Coach Prime built his roster almost entirely through the transfer portal, eschewing traditional high school recruiting in favor of college football's version of free agency.
That lack of stability has come back to bite Sanders and the Buffs, proving they don't have the depth numbers to compete in the upper echelon of college football.
Dabo Swinney represents the opposite extreme, focusing solely on recruiting and almost completely forgoing the transfer portal.
For equal and opposite reasons, it hasn't worked out for Clemson either.
Without having transfers to plug holes on your roster from a missed evaluation, you leave your team hamstrung during years when you would normally be "a player or two away."

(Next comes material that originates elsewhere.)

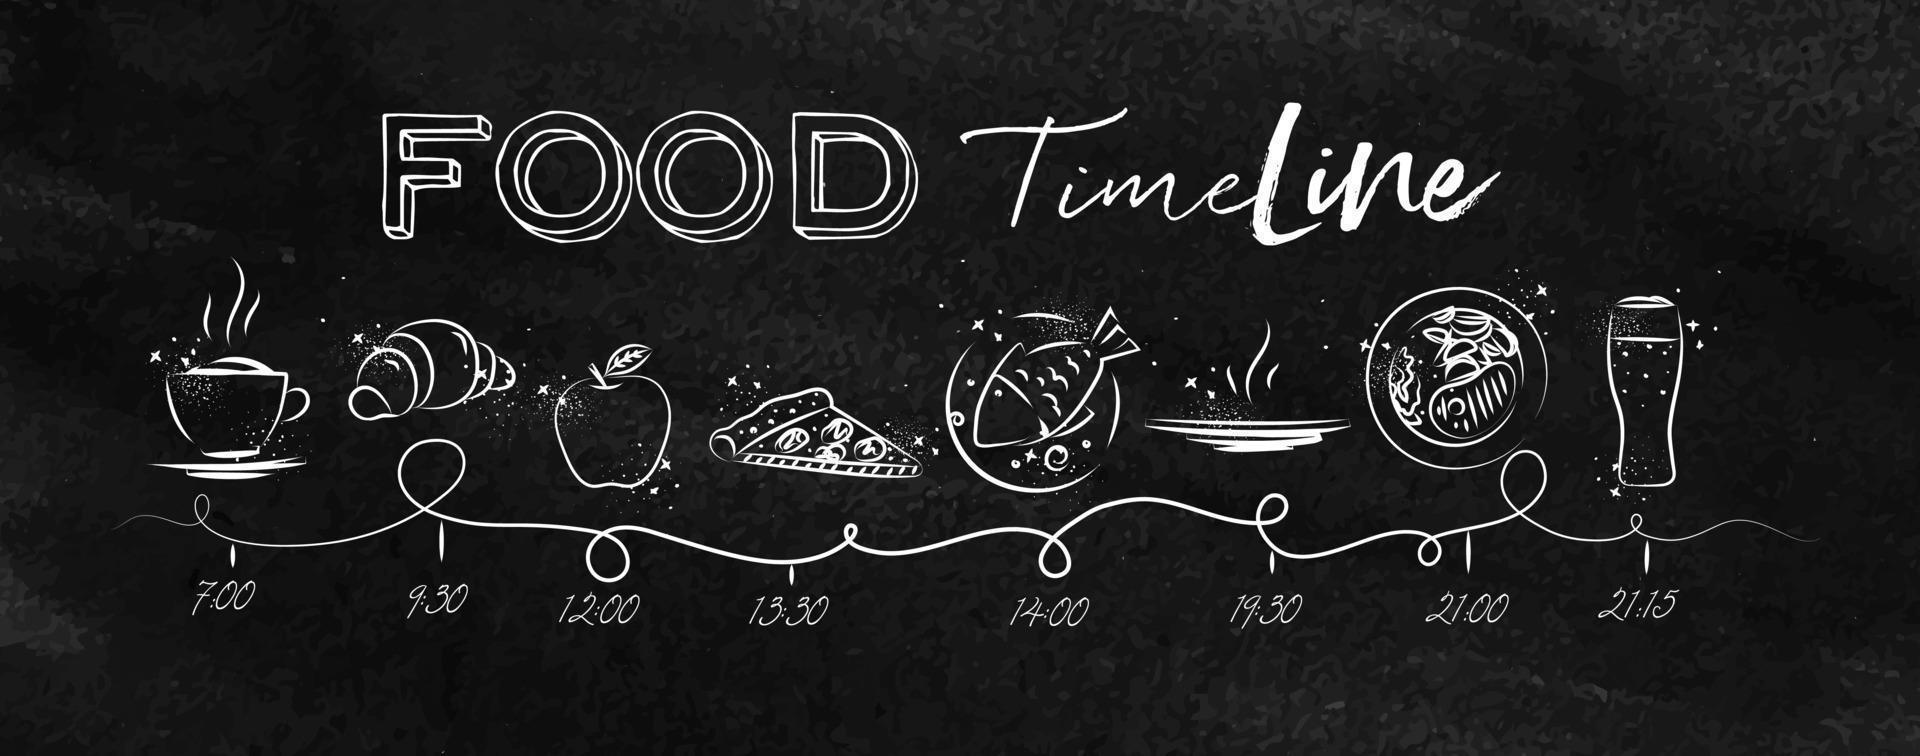 Timeline on healthy food theme illustrated time of meal and food icons drawing with chalk on chalkboard vector
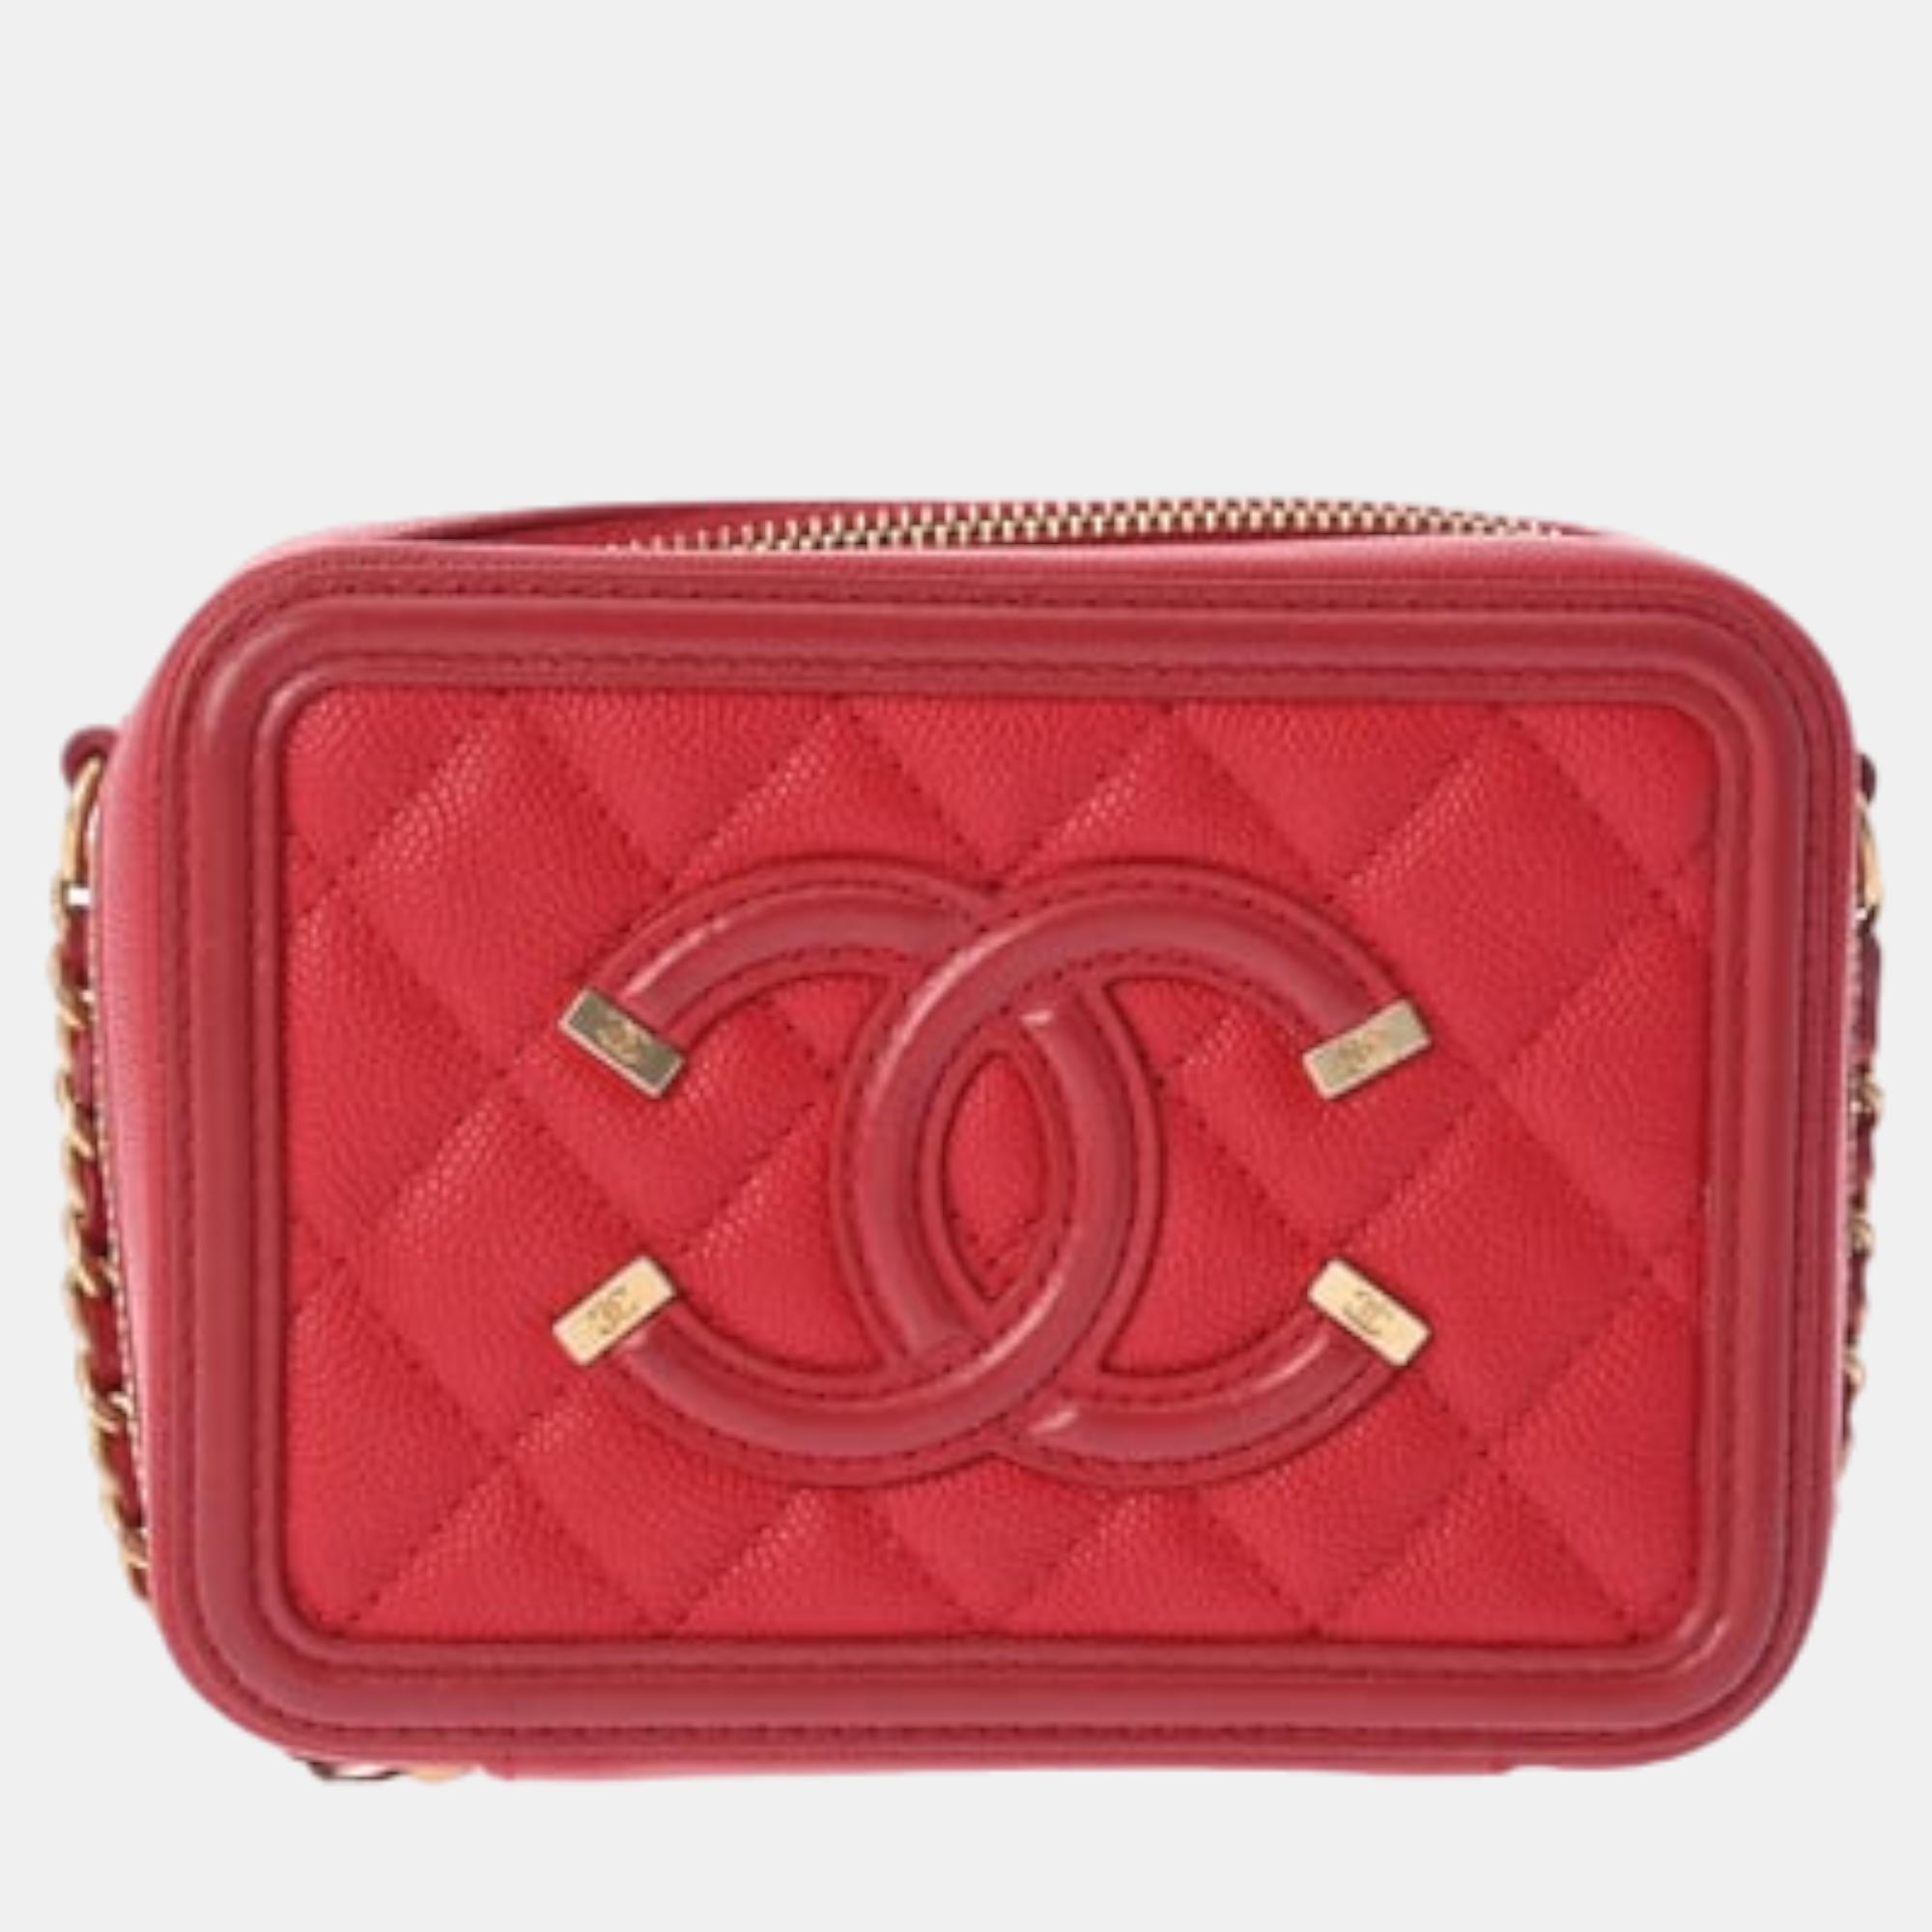 Chanel red leather small filigree shoulder bags

There isn't a right or wrong way to run a college football program, but I keep coming back to our Sesame Street word of the day:
Balance.
Deion and Dabo proved to us that recruiting and the transfer portal are the yin and yang of roster construction: it takes a steady stream of both to build a champion.
I am of the school of thought that says high school recruiting is far more important to building a consistent and stable winner, but that doesn't mean the transfer portal doesn't play an integral role in it as well.
This is a concept that coaches like Dabo and Deion are failing to grasp, and it might be costing their respective programs the success that is currently eluding them.
Some high-end depth couldn't hurt Colorado, and a few superstar transfers certainly would be welcome in Clemson.
We will see if either of these two coaches will have the runway or willingness to adapt, or if their stubbornness will end up sinking them.
If I were a betting man, I'd put my money on the latter.